Test Coverage: refers to exercising a function through the various inputs to maximize the coverage that is possible of the parameter space. This would be classified as a black box test trigger.

Test Sequencing: Are test cases that attempt to sequence multiple bodies of code with different sequences. It is a fairly common method of examining dependencies which exist that should not exist. This is also a black box test.

Test Interaction: These are tests that explore more complicated interactions between multiple bodies of code usually which are not covered by simple sequences.

Test Variation: is a straight forward attempt to exercise a single function using multiple inputs.

Simple Path Coverage: A white box test that attempts to execute the different code paths, increasing statement coverage.

Combination Path Coverage: Another white box test that pursues a more complete signal of code paths, exercising brands then different sequences.


References


[1] J. Arlat, et al., "Fault Injection and Dependability Evaluation of Fault-Tolerant Systems", IEEE Trans. Comp., Vol. 42, No. 8, pp. 913-923, August 1993.

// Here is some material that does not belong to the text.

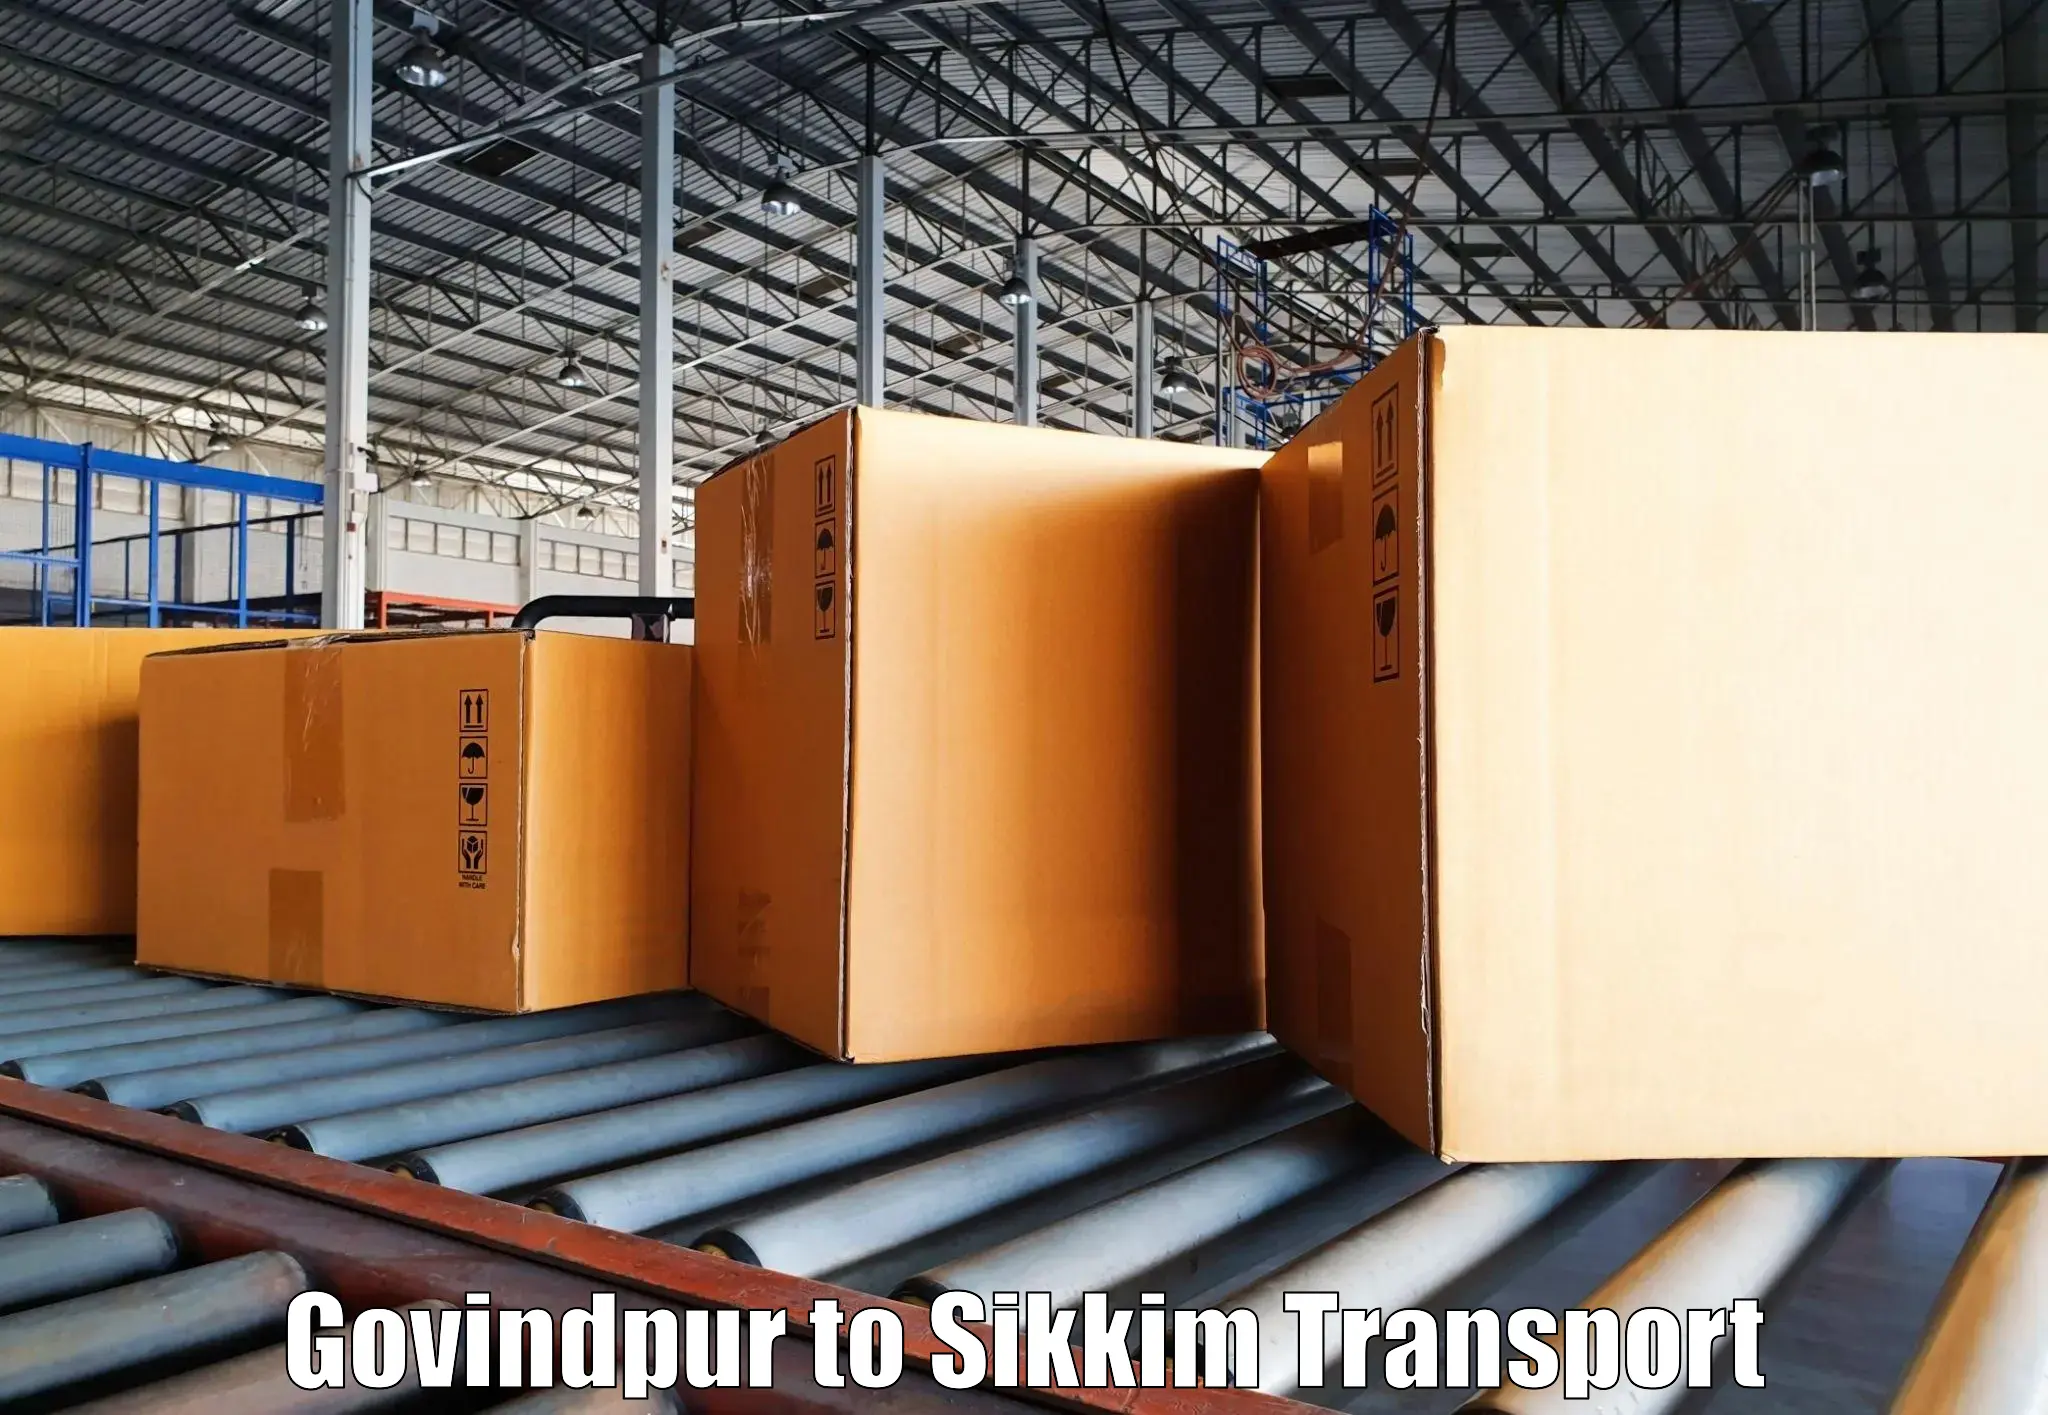 Nationwide transport services Govindpur to East Sikkim

[2] R. Chillarege, N.S. Bowen, "Understanding Large System Failures A Fault Injection Experiment", Proc. 19th Int. Symp. Fault Tolerant Computing, pp. 356-363, June 1989.

[3] G.A. Kanawati, et al., "FERRARI: A Flexible Software Based Fault and Error Injection System", IEEE Trans. Computers, Vol. 44, No. 2, pp. 248-260, February 1995.

[4] I. Lee, R.K. Iyer, "Faults, Symptoms, and Software Fault Tolerance in the Tandem GUARDIAN90 Operating System", Proc. 23rd Int. Symp. Fault Tolerant Computing, pp. 20-29, June 1993.

[5] J.D. Musa, "Operational Profiles in Software Reliability Engineering", IEEE Software, Vol 10, No. 2, pp 14-32, March 1993.

[6] Z. Segall, et al., "FLAT - Fault Injection Based Automated Testing Environment", Proc. 18th Int. Symp. Fault Tolerant Computing, pp. 102-107, June 1988.

[7] R. Chillarege and K. Bassin, "Software Triggers as a Function of Time - ODC on Field Faults", DCCA-5: Fifth IFIP Working Conference on Dependable Computing for Critical Applications, Sept. 1995.

[8] D. Powell, et al., "Estimators for Fault Tolerance Coverage Evaluation", IEEE Trans. Comp., Vol. 44, No. 2, pp. 261-274, Feb. 1995.

[9] J. Christmansson and R. Chillarege, "Generation of an Error Set that Emulates Software Faults - Based on Field Data", Proc. 26th Int. Symp. Fault Tolerant Computing, June 1996.

[10] Handbook of Software Reliabilty Engineering, Michael R. Lyu, Editor, Computing McGraw-Hill, 1996.